Don't tempt me (well, except the symlinks bit). Have you seen what I do in my ReadableWebProxy project?

  1. GPU-acceleration of web interfaces is absolute garbage
  2. Cycling through lots of high-res images would be very slow due to the lack of preloading

Who says you have no preloading? https://github.com/fake-name/HTML5-Comic-Book-Reader has too much preloading, actually. On my crappy tablet, it can cause the browser to OOM for HUGE (500mb + manga archives) because there's a bug I've not been bothered to fix.

Also, this project was kind of my "come to jesus" experience for webshit. I used to insist on using hamana or cdisplay, but it's good enough that the web-view reader wound up completely displacing my use of filesystem-based viewers.

  1. No support for loading PSD, SAI, CLIP, or other file formats that aren't the standard affair

Is that an issue? Which site supports PSD?

  1. More difficult to quickly share an image (unless you expose the very insecure service to the web) due to how bitchy browsers are about where you can use file:/// URIs (you could upload from your clipboard but you can easily hit a file size limit on services like imgur that you wouldn't have otherwise)

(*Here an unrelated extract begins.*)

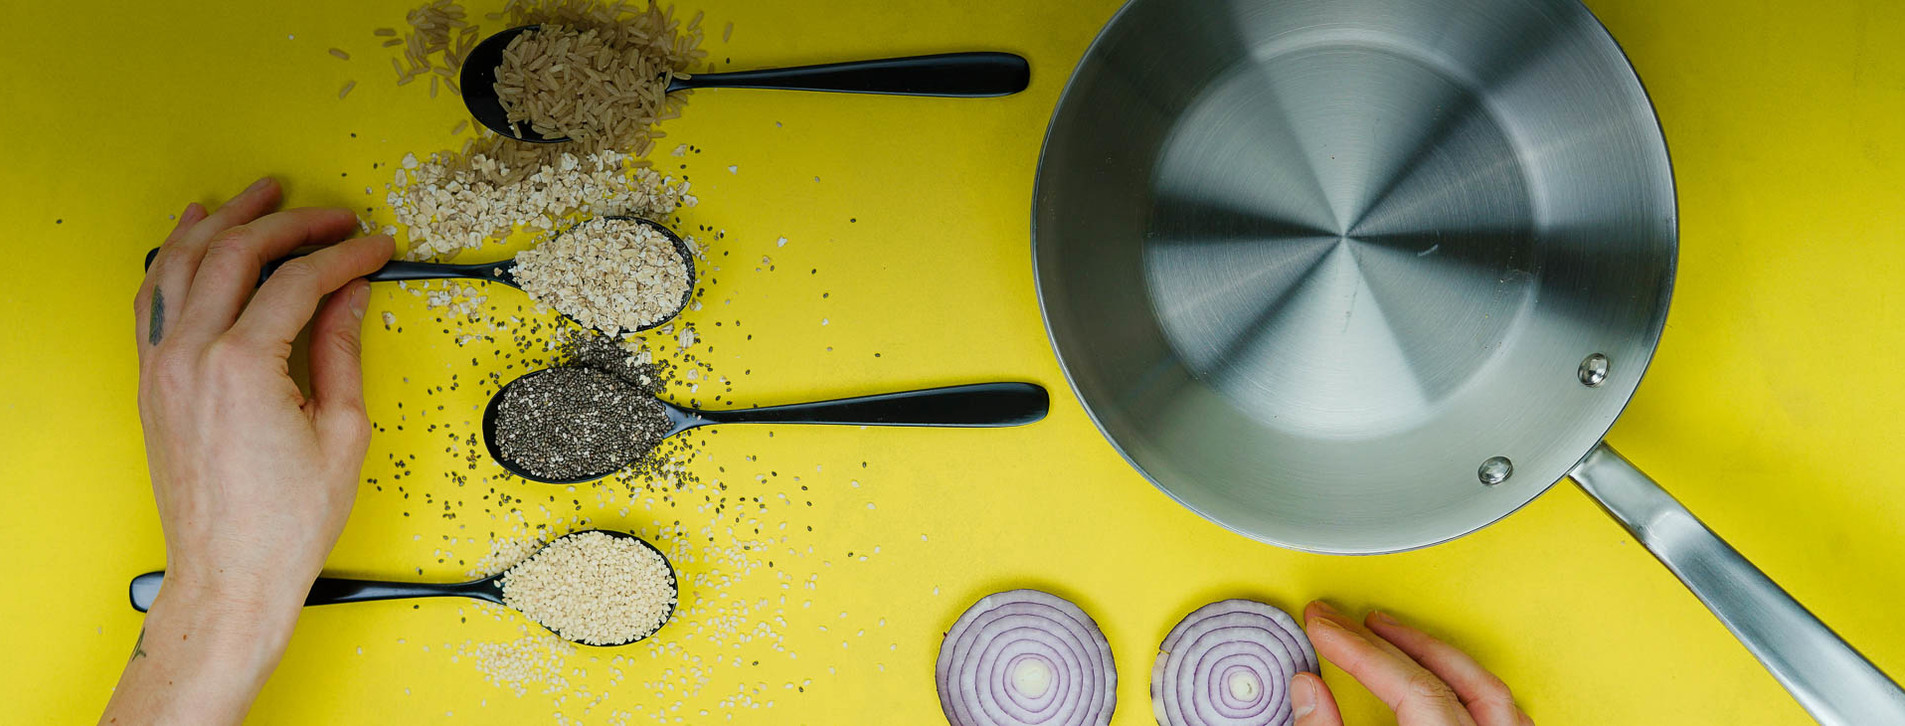 Фото - Майстер-клас кулінарії для двох

Personally, I have literally never wanted to do this. I suspect this is a area where it's a consideration that'd never even enter my mind.

  1. No ability to generate thumbnails without using a combination of php and imagemagick/graphicsmagick, which is just not as good as what the OS could do

Uh, what? There are dozens of image processing libraries. I use pillow which is a robust image manipulation library that's a python C extension.

Also, any image-manipulation library is going to do a better job then the os compositor, because the OS compositor is generally tuned for speed, while you can manually specify higher-quality (but slower) scaling algorithms.

Really, I don't bother re-scaling server side. The manga reader just uses HTML5 canvas transforms (images are buffered at full size, and rendered to the viewer canvas at it's display size).

A assumption I do make (and am not really interested in reconsidering) is that the viewing client and the server are on a LAN or similar high-bandwidth link.


Don't get me wrong, I really don't like javascript, or having to write javascript, but it's surprisingly not terrible if done decently.

Note that this particular project is done, well, horribly. Most of the web stuff was one of the first things I wrote when I was learning JS about 8 years ago.